Question: What information is available on populations of humpback whales in the North Pacific?

  • Identify the main topics for the search:
    • Populations
    • Humpback whales
    • North Pacific
  • Determine how to search the main topics
    • For maximum retrieval
      population [Topic]
      megaptera novaeangliae or humpback whale* [Taxonomic Data]
      north pacific [Topic]      (or you could specify Geographic Data in an Advanced Search)

Searching the Latin and common names for humpback whale increases retrieval. BIOSIS reflects the author terminology, which may not include both common and Latin name, so both are required for maximum retrieval. The Latin name can often be acquired from records in the BIOSIS database using a search of the common name and reviewing article titles. Searching in the Taxonomic Data eliminates incidental mentions of the whale in abstract text and ensures precision and relevancy.

biosis blog 3

To broaden the search to all members of the Balaeopteridae, use the Super Taxa term in the Organism Classifier.
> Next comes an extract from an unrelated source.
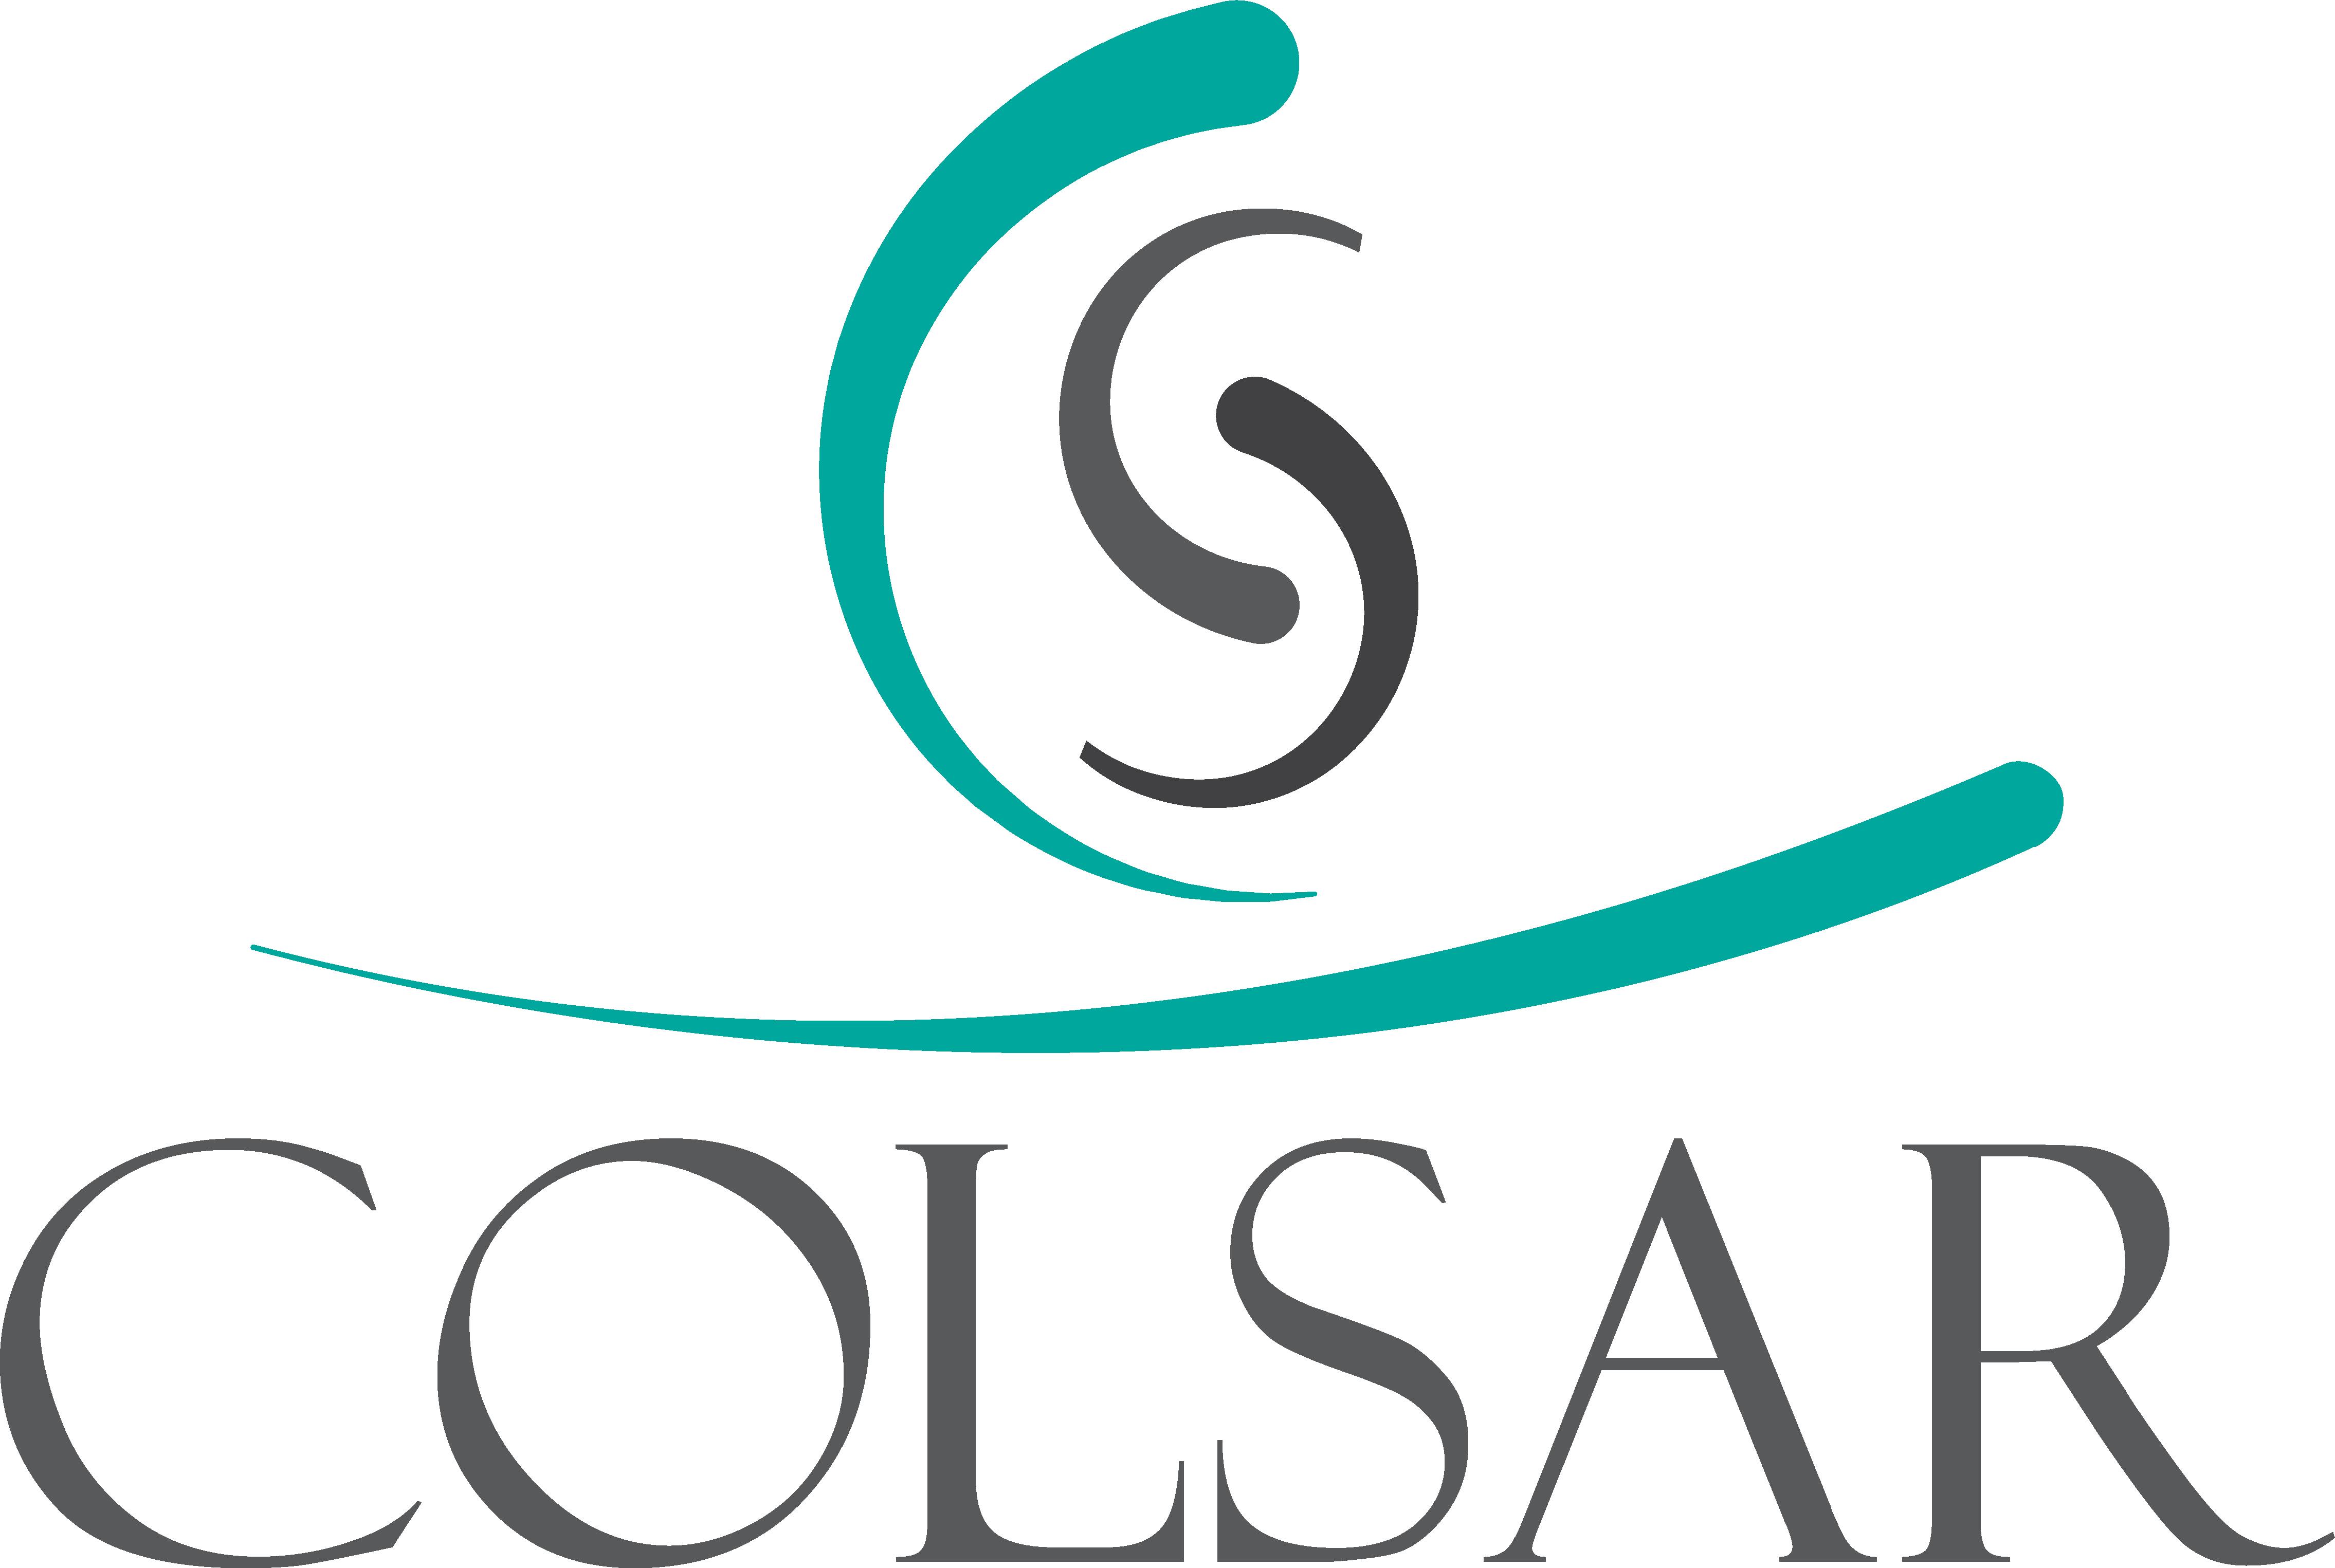 Colsar

To broaden to all whales, use the Super Taxa term “Cetacea” or the Taxa notes filter “Cetaceans,” depending whether you need to search the term directly or filter a search.

In common with searching of any concept in BIOSIS, always determine if the concept is broad (in which case there may be a controlled term suitable for the search – check the online thesaurus), or specific (in which case synonyms and variants may be needed for full retrieval)

Using the intelligence, context and power of the BIOSIS indexing can achieve highly precise and complete searches. Through this series of blogs we will continue to explore various search topics and the best way to retrieve information using the value-added indexing in BIOSIS content.